DATA UNDER STUDY below:
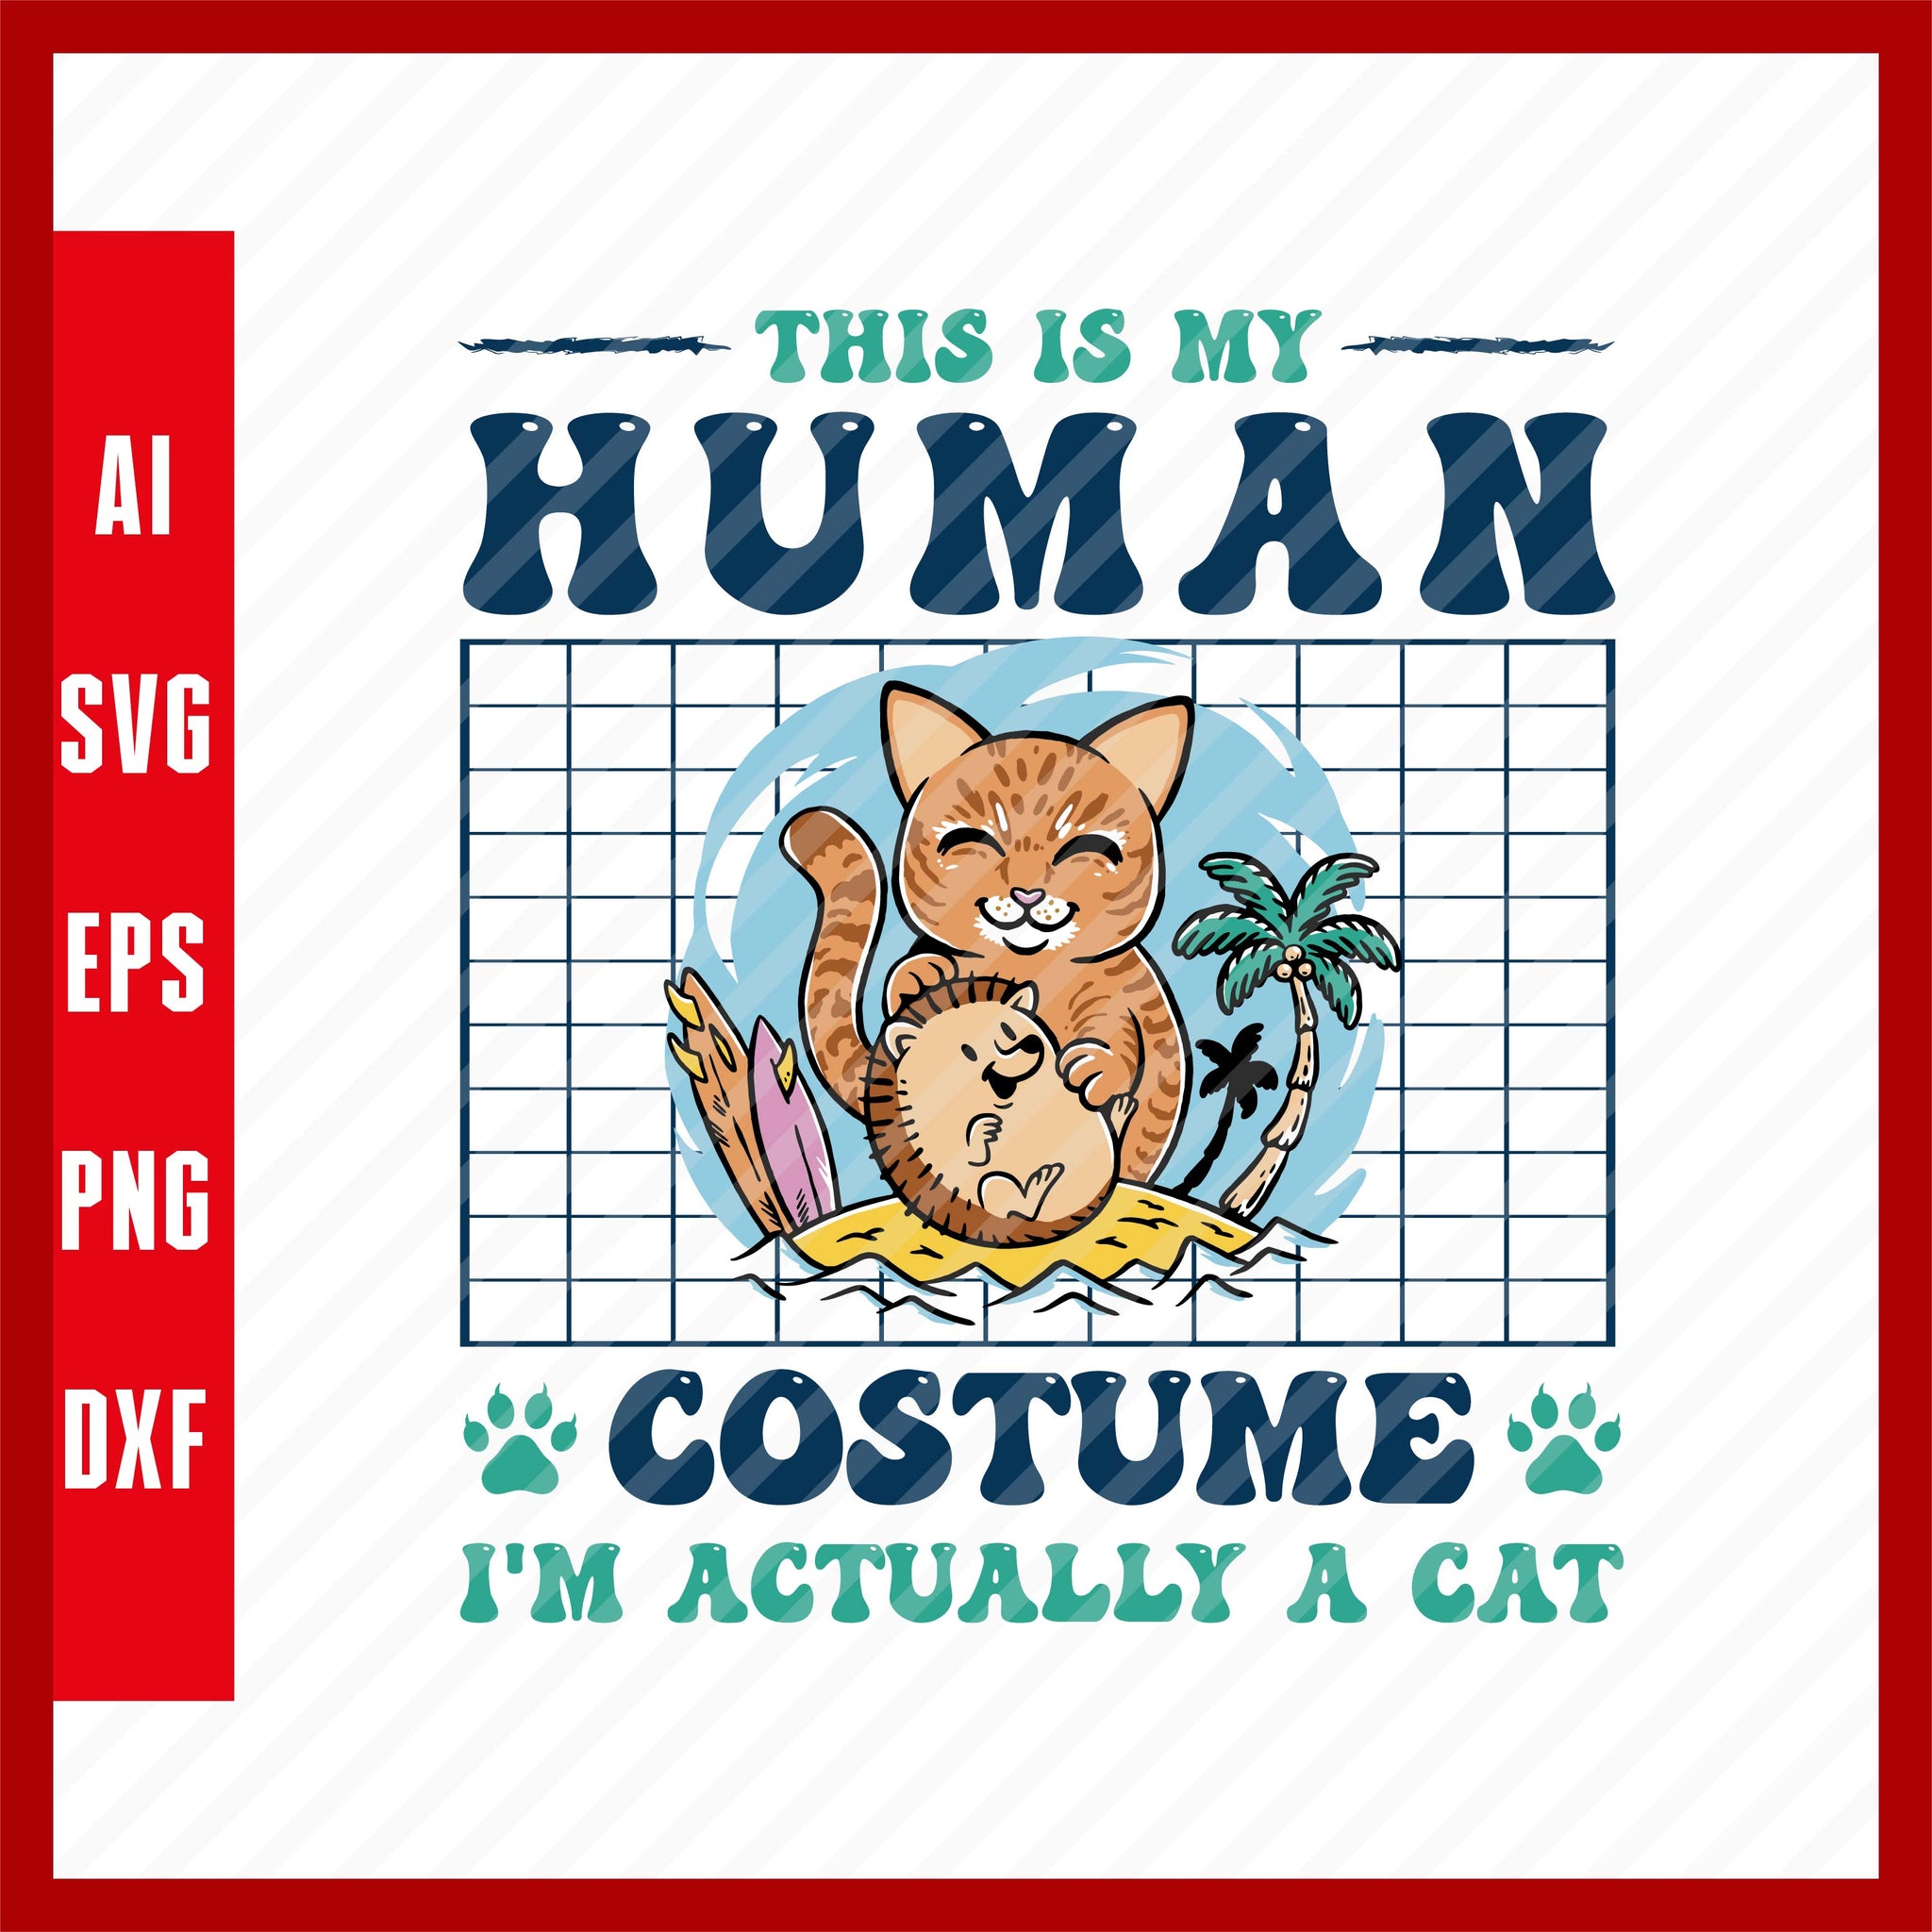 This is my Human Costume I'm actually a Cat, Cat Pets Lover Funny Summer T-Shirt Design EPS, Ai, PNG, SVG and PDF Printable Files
End of DATA UNDER STUDY.
DATA UNDER STUDY below:
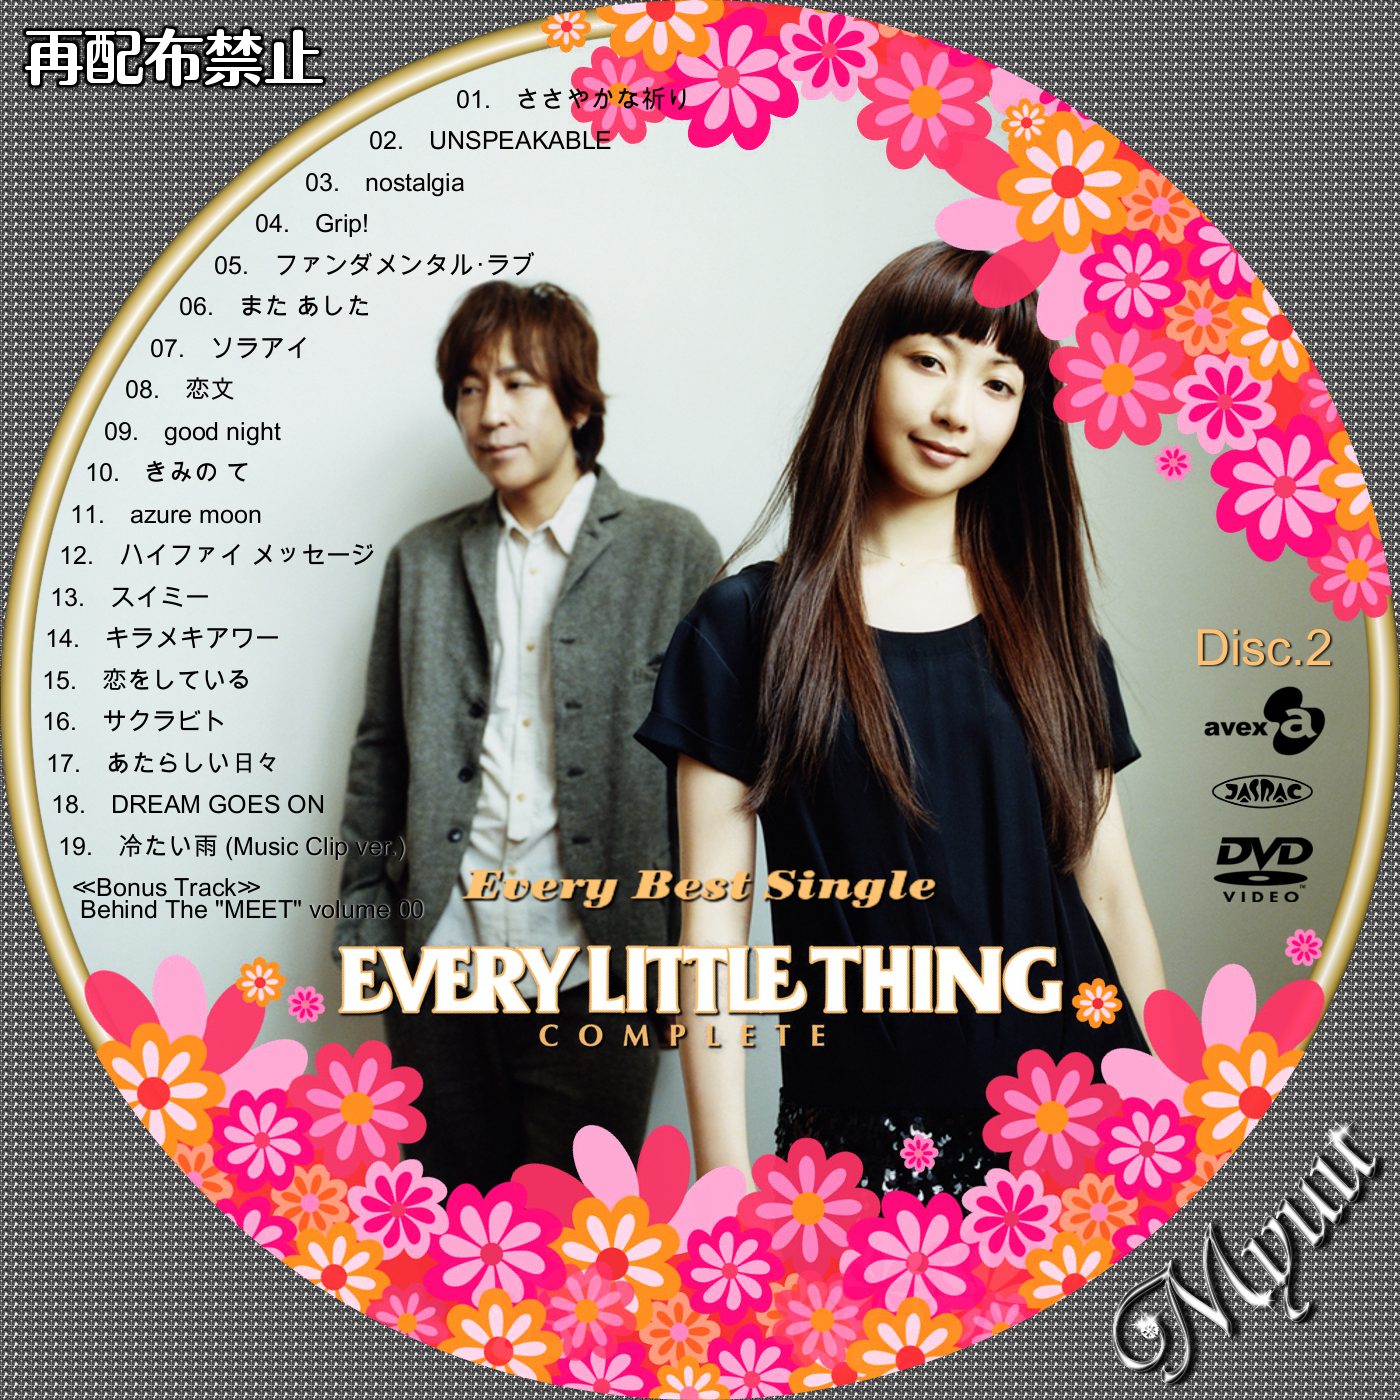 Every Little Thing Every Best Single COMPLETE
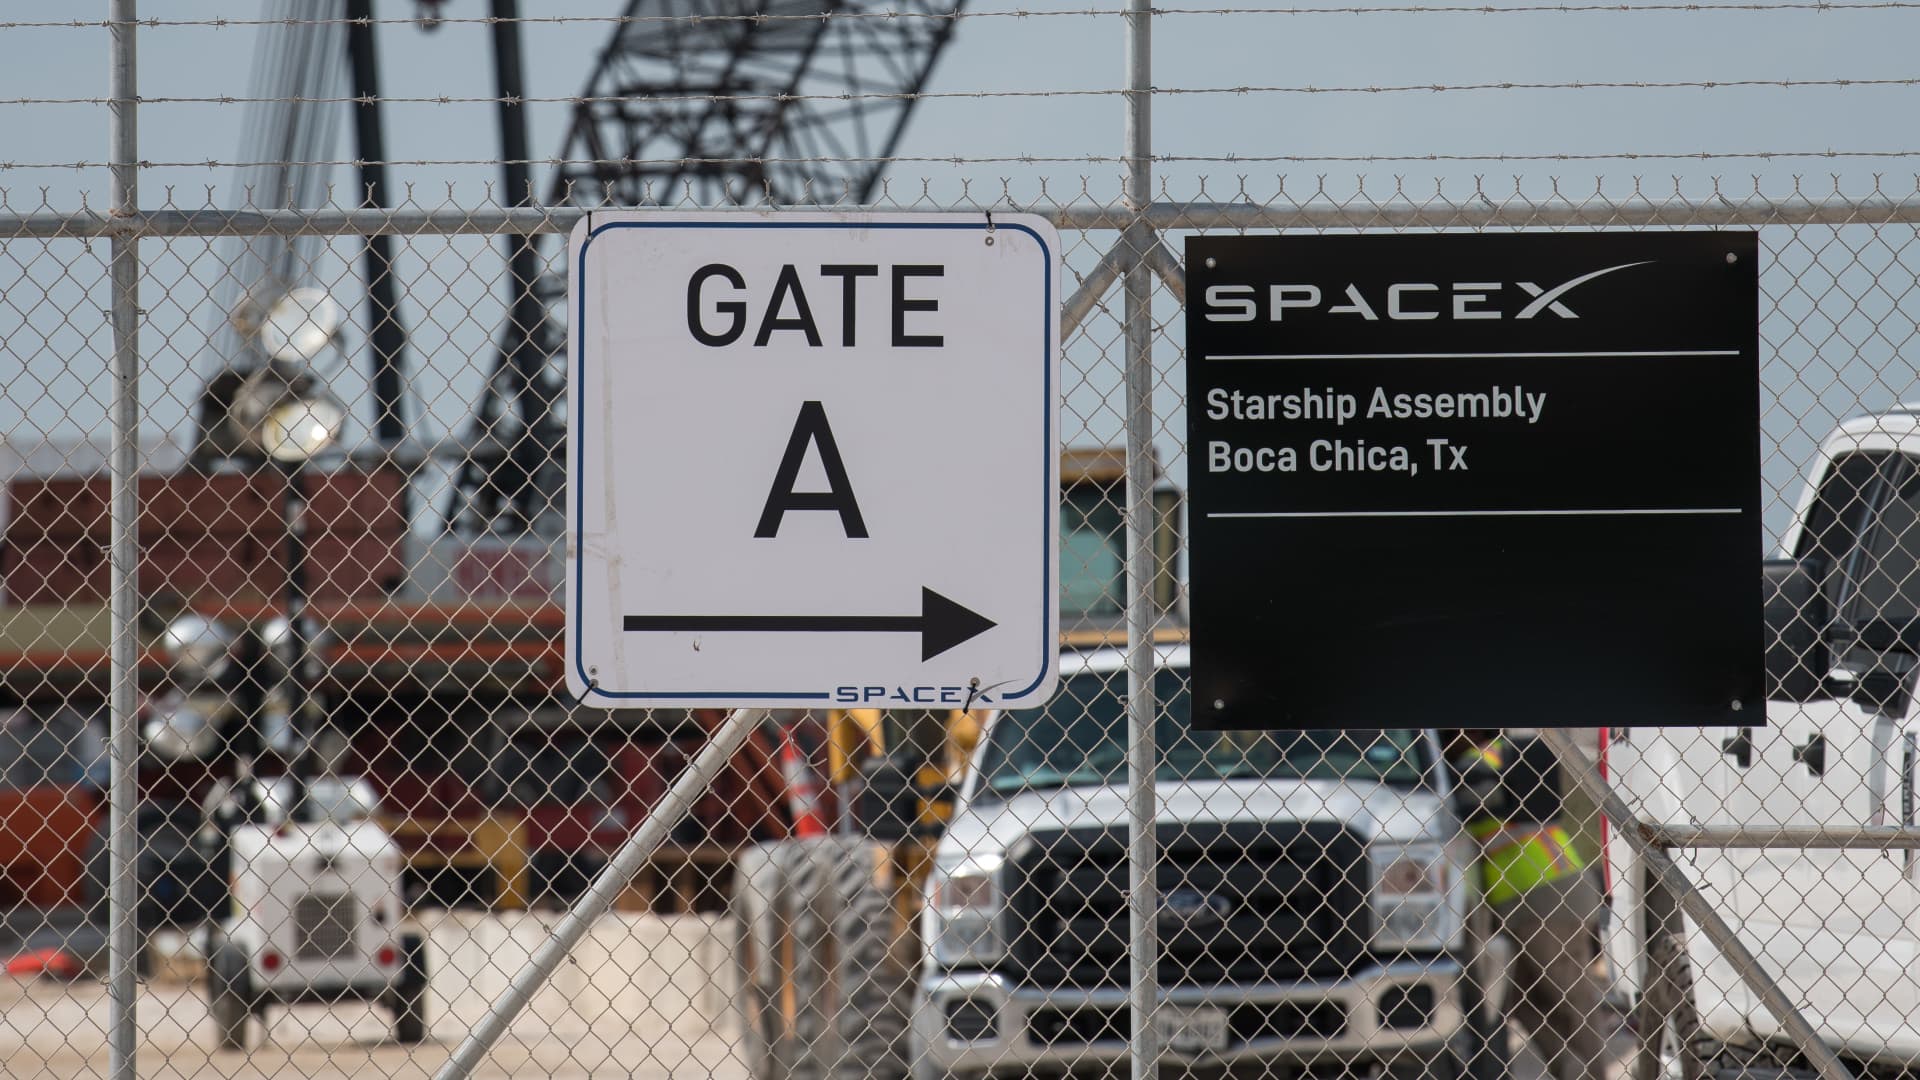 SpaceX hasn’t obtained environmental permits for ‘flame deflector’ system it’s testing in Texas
End of DATA UNDER STUDY.
DATA UNDER STUDY below:
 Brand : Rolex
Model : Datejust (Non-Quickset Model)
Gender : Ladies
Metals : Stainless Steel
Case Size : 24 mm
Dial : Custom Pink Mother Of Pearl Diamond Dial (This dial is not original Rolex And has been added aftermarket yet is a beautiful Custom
End of DATA UNDER STUDY.
DIRECTIONS FOR THIS TASK → Only lines with the string "Rolex" belong in the answer; copy each of them from the listing.

ANSWER TO THIS TASK →
 Brand : Rolex
Dial : Custom Pink Mother Of Pearl Diamond Dial (This dial is not original Rolex And has been added aftermarket yet is a beautiful Custom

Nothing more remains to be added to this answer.